Notes on Plato’s Crito

Plato’s short dialogue, Crito, takes place chronologically following the Apology of Socrates, in which Socrates is sentenced and condemned to death. However, shortly after his imprisonment, a galley from Athens set out for Delos in the Aegean, a sea known for being sacred to Apollo, and while the ship was away it was forbidden for anyone in Athens to be executed. Socrates remained alive in prison for another month. With this context in mind, the Crito dialogue takes place inside Socrates’s prison cell as his friend, Crito, makes a final attempt to convince Socrates to save his life and flee, as the state galley is destined to return soon.

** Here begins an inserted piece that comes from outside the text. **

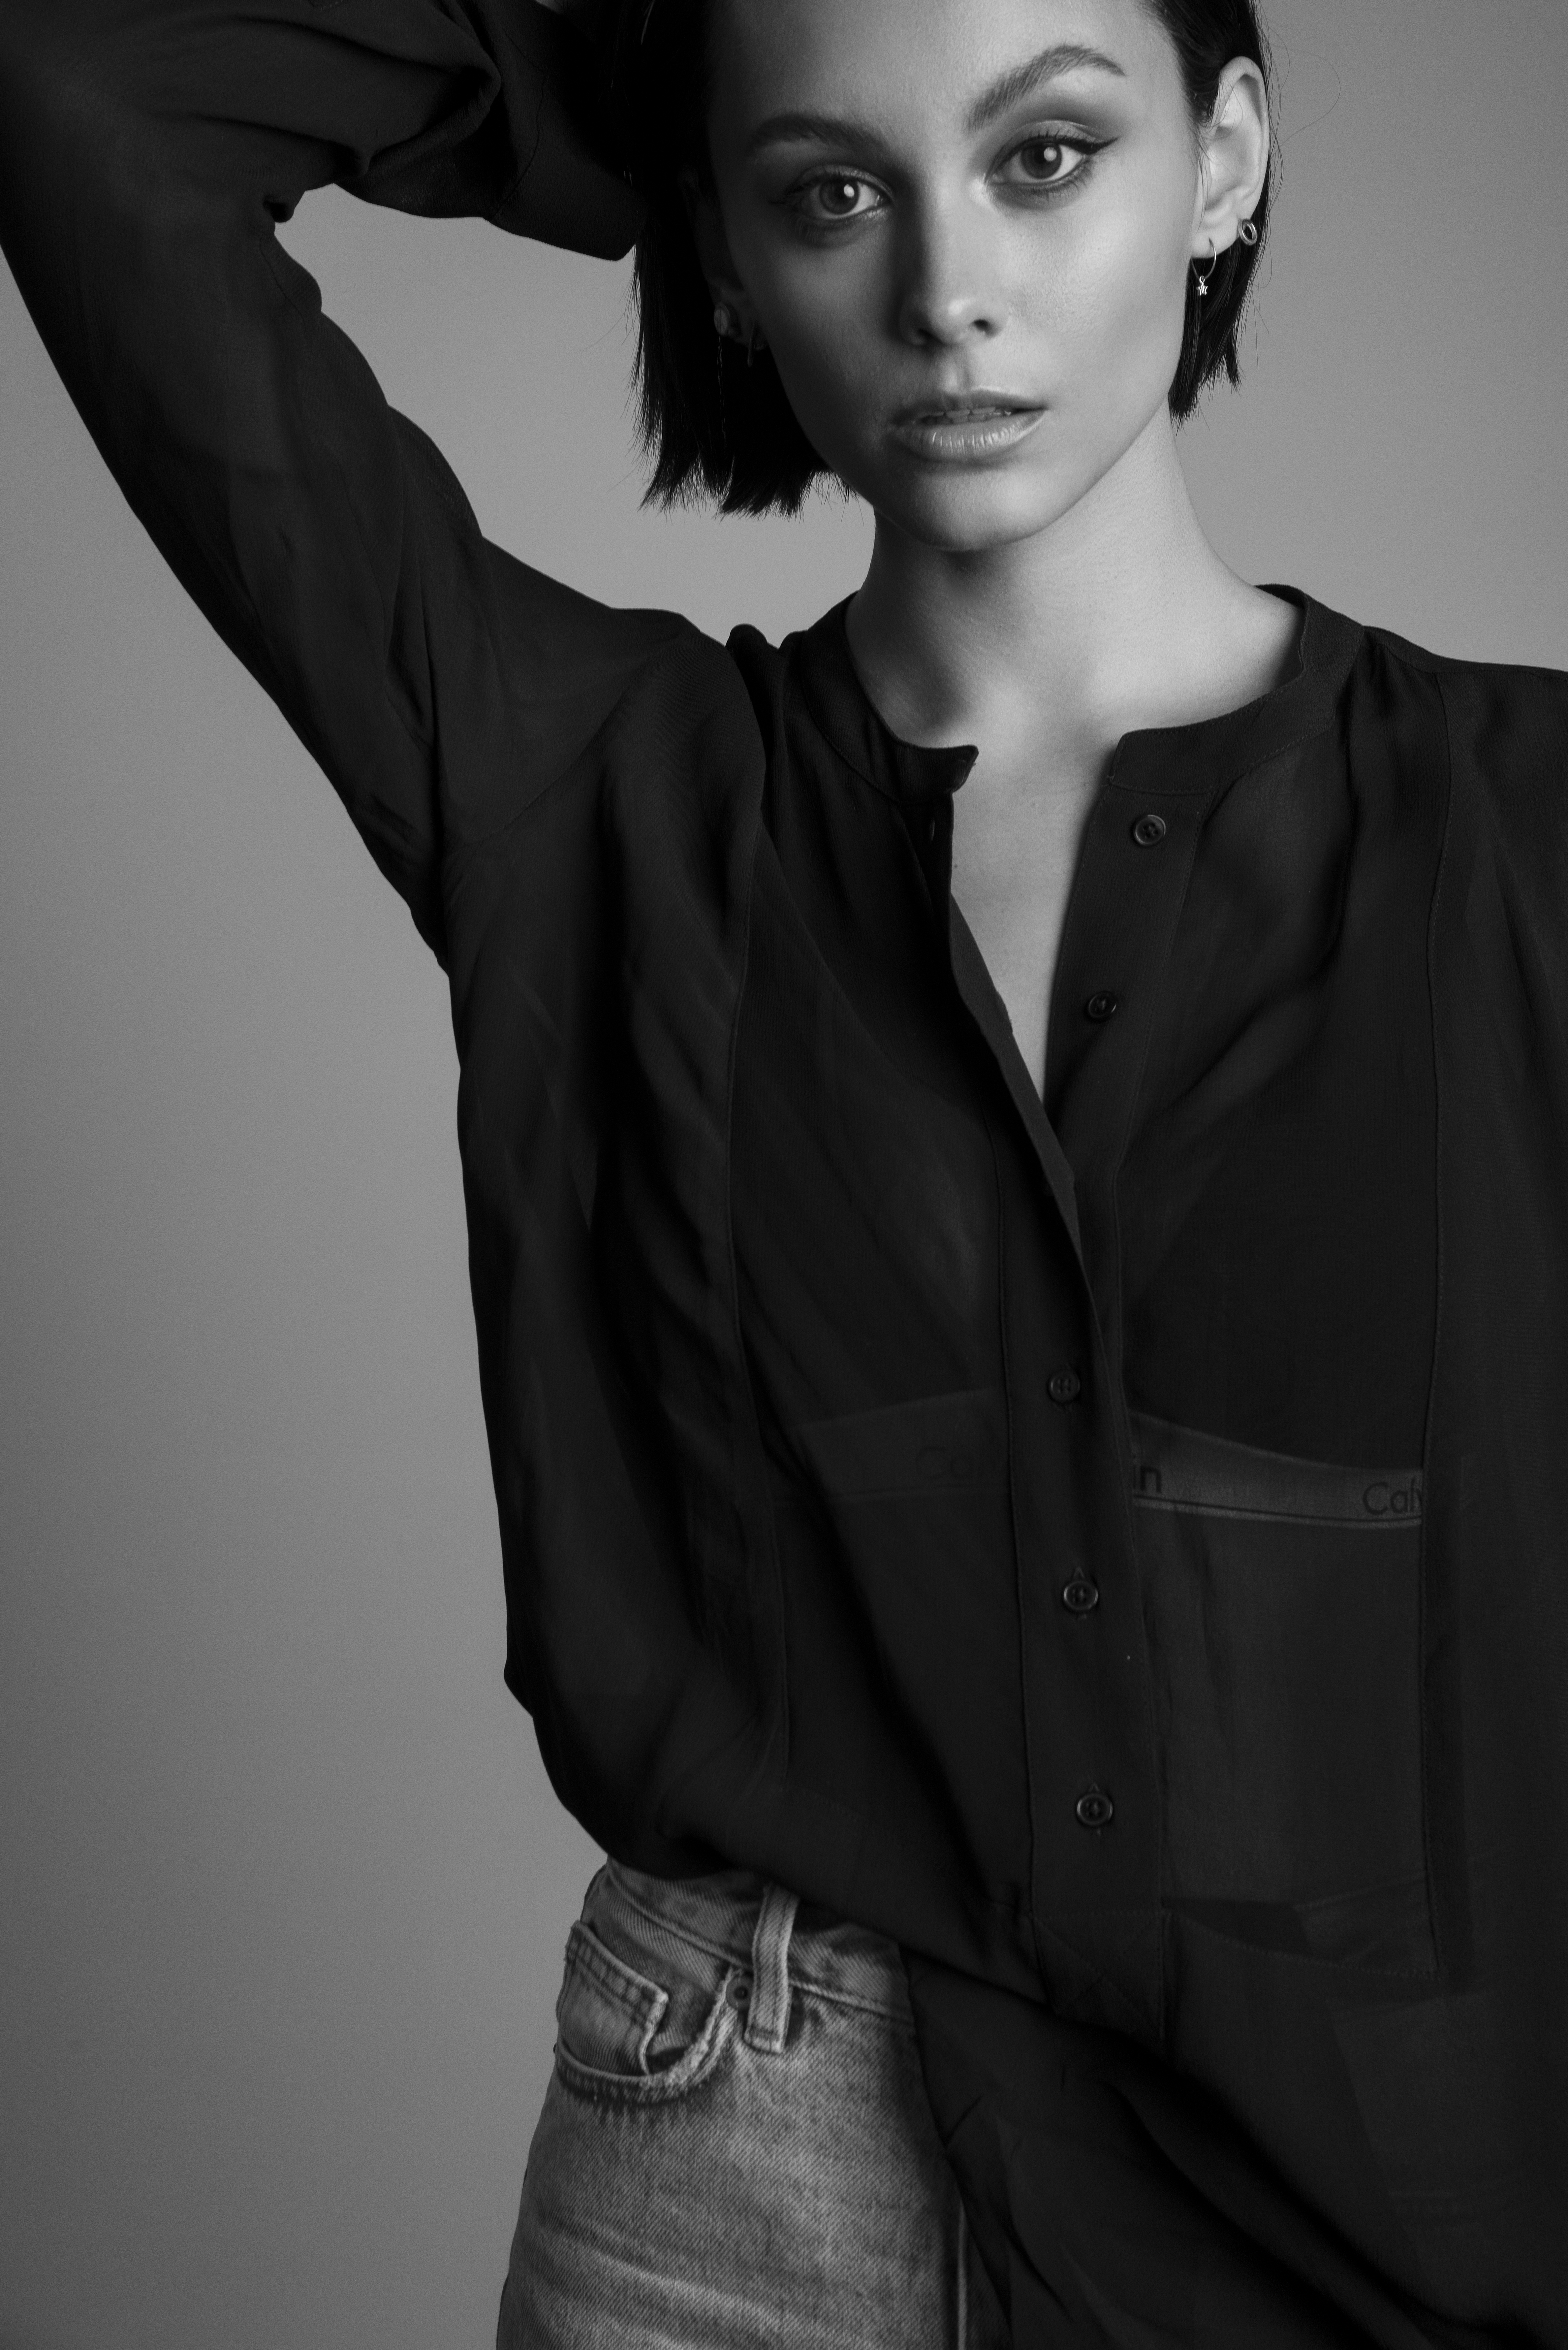 Sophie shot by Matt Leach Photography

The Death of Socrates by Jacques-Philip-Joseph de Saint-Quentin

Crito describes how ashamed he will be if he and other followers of Socrates did not help pay for his freedom, or at least help him escape to another more friendly neighboring city. However, Socrates engages Crito in dialectic, in which Socrates ultimately concludes that it is better to do what is good and just, rather than pleasant. It is better to act nobly, rather than out of fear, for a philosopher is nothing more than a hypocrite if he is to fear death. Additionally, Socrates claims in his trial that all of his actions in life were done out of a true kind of patriotism for Athens. By fleeing the city, he would have exposed his weakness, his infidelity, and his cowardice. Socrates claims one must trust the experts regarding things of justice and nobility, of goodness. In the absence of a true expert, or authority, one must trust the laws. However, in order to trust the validity of the laws, one must look a supra-legal authority. Therefore, Socrates engages in a fictional dialogue, between himself and The Laws. We recall later interpolations of a similar kind, such as Boethius in his Consolations of Philosophy. 

Socrates ultimately concludes that he will remain in prison, and be prepared to die in the next day or two. The final dialogue of Socrates by Plato, chronologically, is the Phaedo.

For this reading I used the Grube translation as featured in the Hackett Classics Edition.